(What this task involves): Check each line of the entries for the string "Navy". Report only how many lines have it.

(Data extracts):
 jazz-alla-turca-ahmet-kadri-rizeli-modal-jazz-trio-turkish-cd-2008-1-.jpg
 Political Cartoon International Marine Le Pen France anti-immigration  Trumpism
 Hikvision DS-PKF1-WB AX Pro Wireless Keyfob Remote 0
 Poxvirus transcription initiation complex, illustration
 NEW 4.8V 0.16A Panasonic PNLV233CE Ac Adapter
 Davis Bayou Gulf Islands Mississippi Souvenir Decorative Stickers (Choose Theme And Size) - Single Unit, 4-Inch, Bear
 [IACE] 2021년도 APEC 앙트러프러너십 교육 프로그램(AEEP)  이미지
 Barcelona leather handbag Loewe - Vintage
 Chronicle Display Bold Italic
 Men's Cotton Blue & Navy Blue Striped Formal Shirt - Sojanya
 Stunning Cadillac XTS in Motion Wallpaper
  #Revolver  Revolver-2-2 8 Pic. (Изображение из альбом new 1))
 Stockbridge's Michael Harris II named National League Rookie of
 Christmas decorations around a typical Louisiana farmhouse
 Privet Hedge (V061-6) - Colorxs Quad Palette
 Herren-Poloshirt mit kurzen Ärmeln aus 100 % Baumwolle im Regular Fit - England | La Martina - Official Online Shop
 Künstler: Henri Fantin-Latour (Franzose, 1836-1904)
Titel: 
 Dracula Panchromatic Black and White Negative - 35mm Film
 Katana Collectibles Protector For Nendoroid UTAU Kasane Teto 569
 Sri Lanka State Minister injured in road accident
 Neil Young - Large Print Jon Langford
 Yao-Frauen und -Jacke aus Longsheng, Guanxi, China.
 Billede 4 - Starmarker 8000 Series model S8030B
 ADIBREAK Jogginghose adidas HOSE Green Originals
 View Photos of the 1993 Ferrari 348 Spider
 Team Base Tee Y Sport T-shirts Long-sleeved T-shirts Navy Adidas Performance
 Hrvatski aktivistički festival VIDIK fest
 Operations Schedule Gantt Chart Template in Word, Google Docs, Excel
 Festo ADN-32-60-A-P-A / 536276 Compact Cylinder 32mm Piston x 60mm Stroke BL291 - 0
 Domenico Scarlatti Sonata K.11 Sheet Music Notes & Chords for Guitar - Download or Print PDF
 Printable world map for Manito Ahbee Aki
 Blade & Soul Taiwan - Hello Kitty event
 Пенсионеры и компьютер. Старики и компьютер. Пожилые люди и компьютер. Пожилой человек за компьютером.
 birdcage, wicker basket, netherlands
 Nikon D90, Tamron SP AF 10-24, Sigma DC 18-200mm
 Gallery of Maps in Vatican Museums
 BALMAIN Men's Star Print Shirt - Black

(Response area): 2